◆ What the exercise asks:
Lines in the listing below containing the string "Muller" are to be identified and copied.

◆ Given information:
━━━━━━━━━━
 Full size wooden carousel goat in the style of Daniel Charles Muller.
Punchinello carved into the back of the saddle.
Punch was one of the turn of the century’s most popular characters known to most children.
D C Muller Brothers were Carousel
━━━━━━━━━━
◆ Expected answer:
 Full size wooden carousel goat in the style of Daniel Charles Muller.
D C Muller Brothers were Carousel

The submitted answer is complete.